The authors declare no conflicts of interest.

Figures

Figure 1
Figure 1
Standard perspectives on the pathophysiology in the progression from AKI to CKD: When the kidney encounters one or more precipitating factors of AKI, it can undergo repair, restoring normal or near-normal structure and function through ‘adaptive’ repair. However, maladaptive and incomplete repair can result in the development of fibrosis and, ultimately, chronic kidney disease. Figure created with biorender.com (accessed on 1 December 2023).
Figure 2
Figure 2
Molecular signaling in the repair/disease progression. In the early stages of ischemia-reperfusion injury (IRI), regenerating tubules release factors such as TGF-β and MCP-1, recruiting inflammatory cells and inducing cellular damage. MMP activity intensifies, leading to interstitial edema and diminished renal blood flow. Crucial signaling cascades, including WNT/β-catenin and PI3K/AKT, play key roles in the progression from AKI to CKD. WNT/β-catenin activation contributes to renal fibrotic lesions, while PI3K/AKT exhibits a potential protective role. However, inflammation, mitochondrial dysfunction, oxidative stress, and impaired nitric oxide production lead to proximal tubular cell (PTC) re-differentiation.

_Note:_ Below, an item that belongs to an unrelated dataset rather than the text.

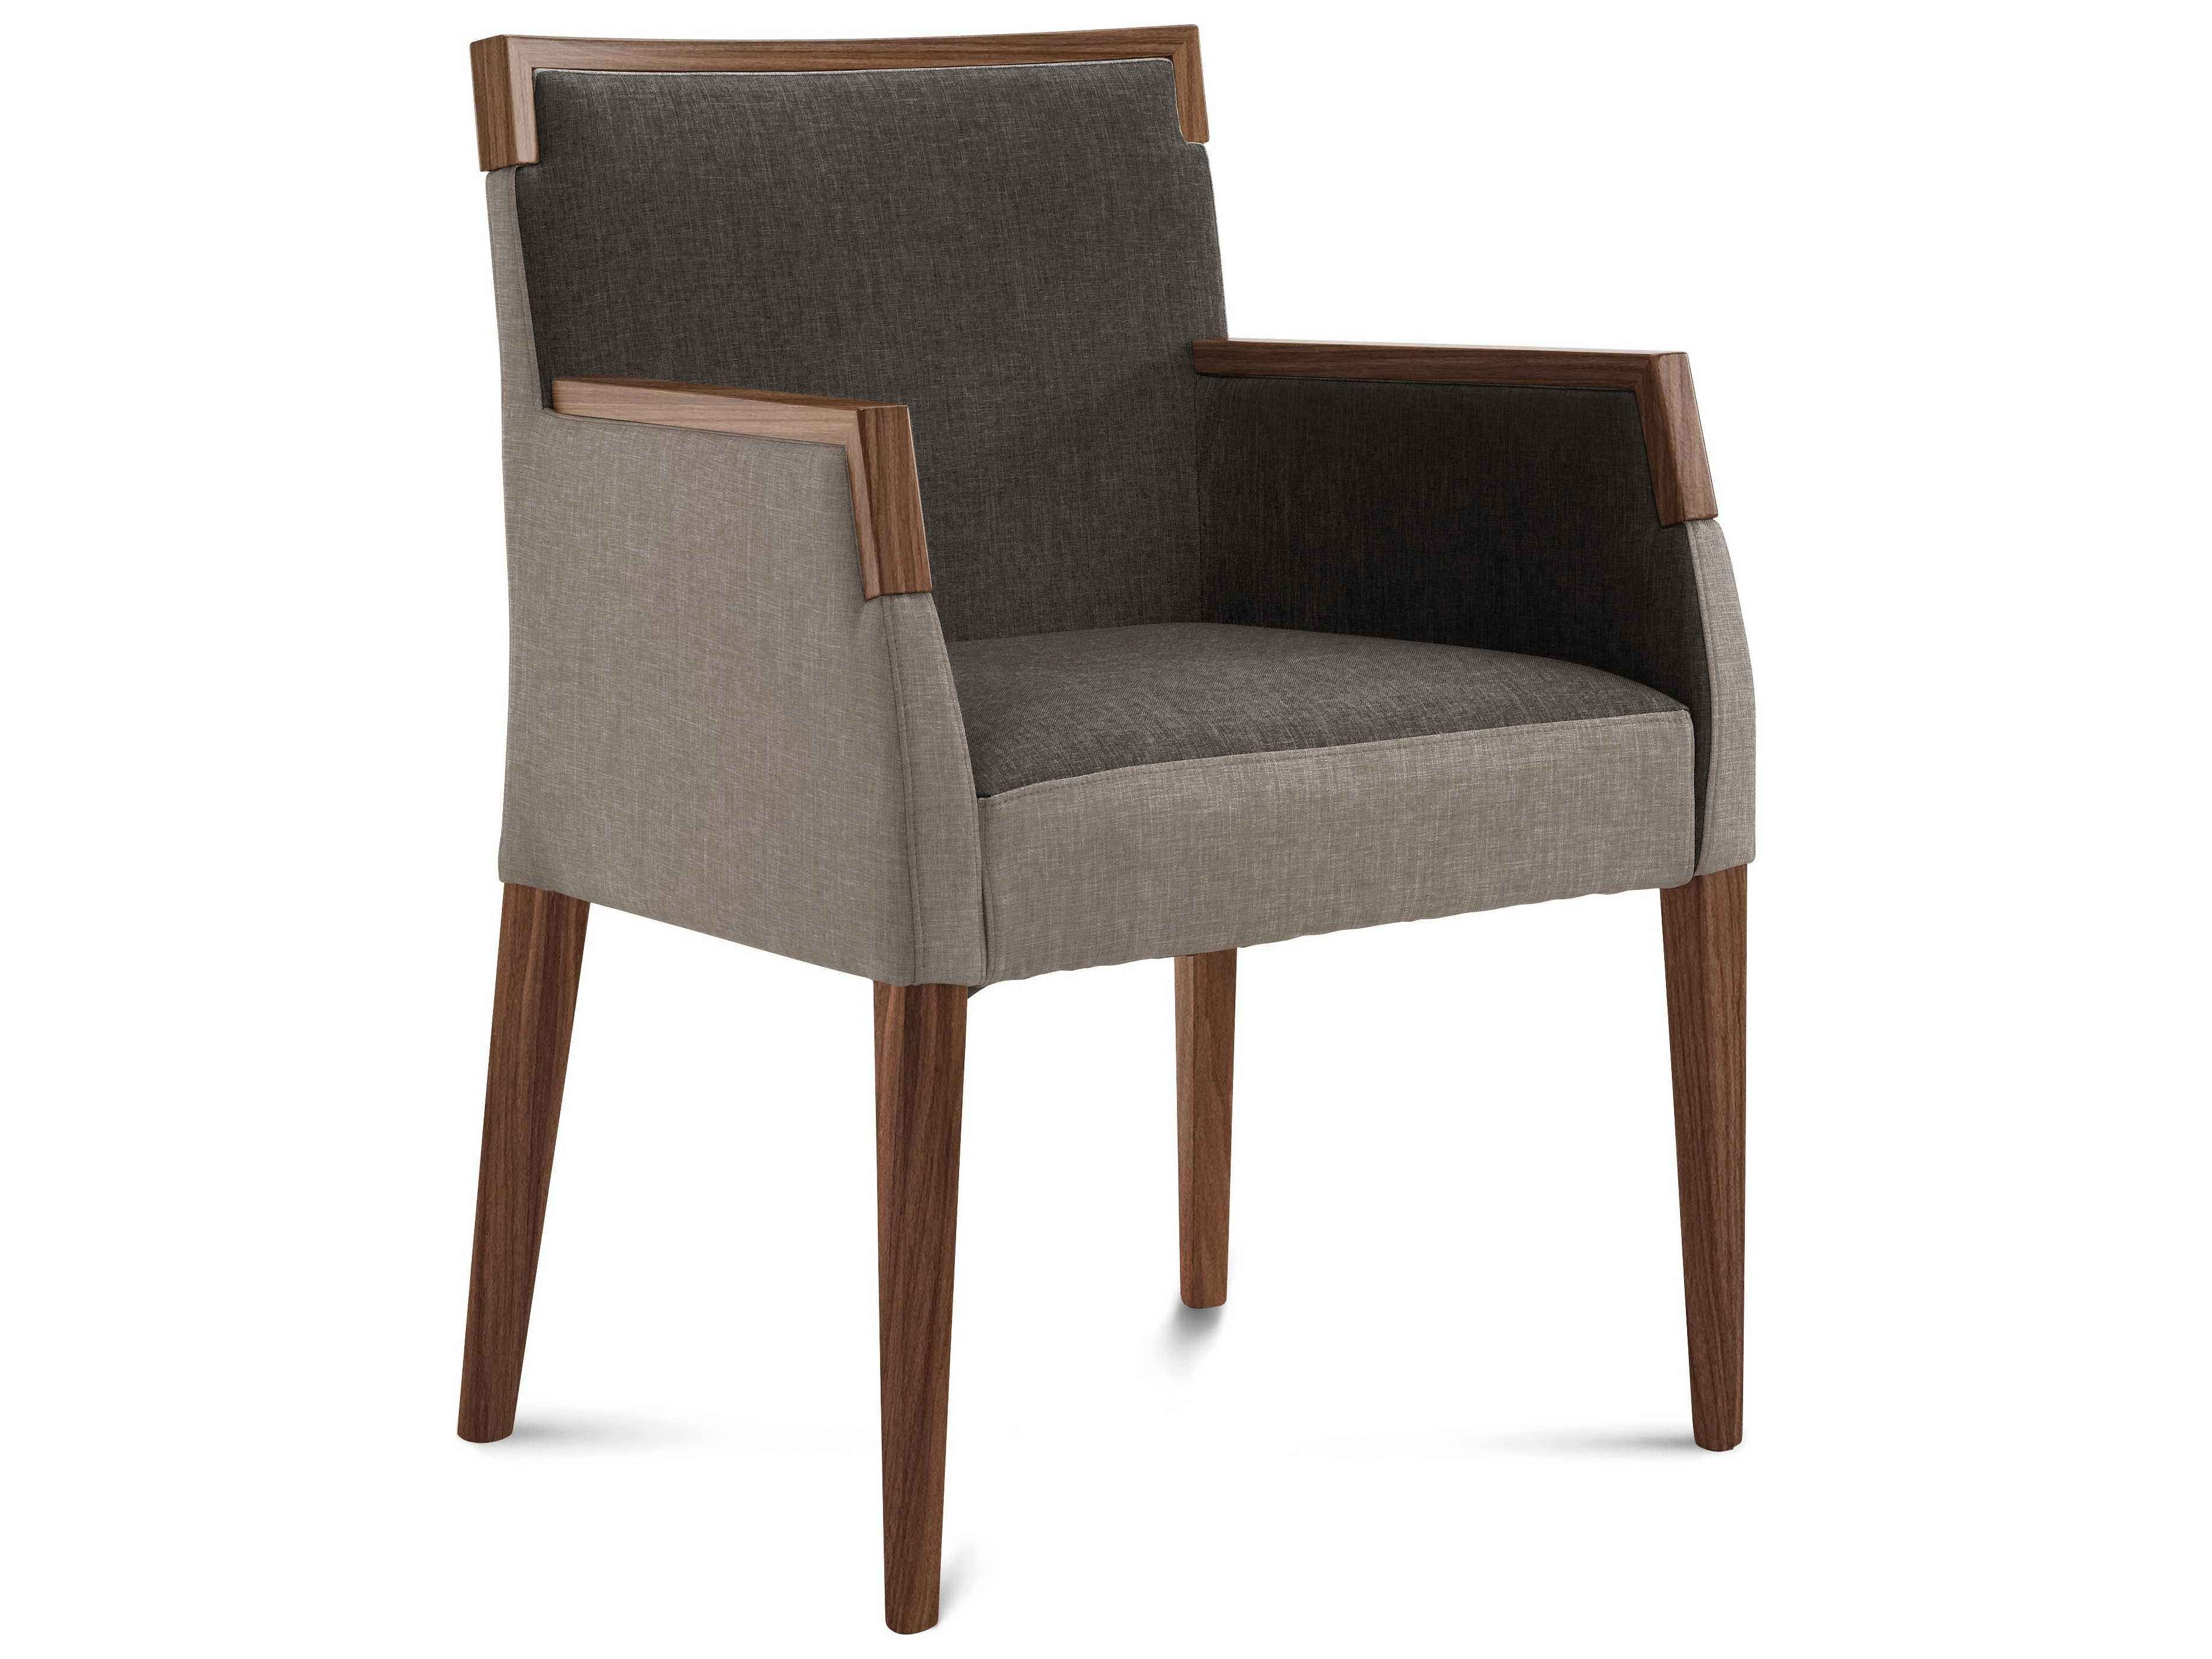 Domitalia ariel dining armchair domarielpi for Ariel chaise lounge

Regenerated tubular cells transform pericytes into fibroblasts, contributing to abnormal fibroblast behavior. Diverse signaling pathways perpetuate fibroblast transformation, ultimately causing extensive kidney tissue damage. Figure created with biorender.com (accessed on 1 December 2023).
Figure 3
Figure 3
Intracellular signaling cascades orchestrating the transition from AKI to CKD: dysregulation of PGC1α, AMPK, SIRT3, and their downstream genes NRF1/NRF2 is evident in AKI. Proximal tubular cells (PTCs) are particularly affected by kidney hypoxia and mitochondrial dysfunction. Persistent TGF-β in the glomerulus induces the deposition of fibrogenic matrix proteins, leading to glomerulosclerosis. Consequently, tubulointerstitial hypoxia triggers fibrogenesis, elevating levels of α-SMA and collagen I. As the disease progresses, dysfunctional renal tubules intensify the profibrotic response, activating the secretion of TGF-β, potentially inducing the production of HIF. Figure created with biorender.com (accessed on 1 December 2023).
Figure 4
Figure 4
Key mitochondrial integrity control systems: the PINK1–Parkin pathway functions as a checkpoint, identifying dysfunctional mitochondria for removal. Activation of PGC1α, facilitated by AMPK and SIRT1 in response to the demand for new mitochondrial genesis, plays a crucial role. Additionally, mitochondrial AKT1 acts as a regulator in ATP production through complex V. Figure created with biorender.com (accessed on 1 December 2023).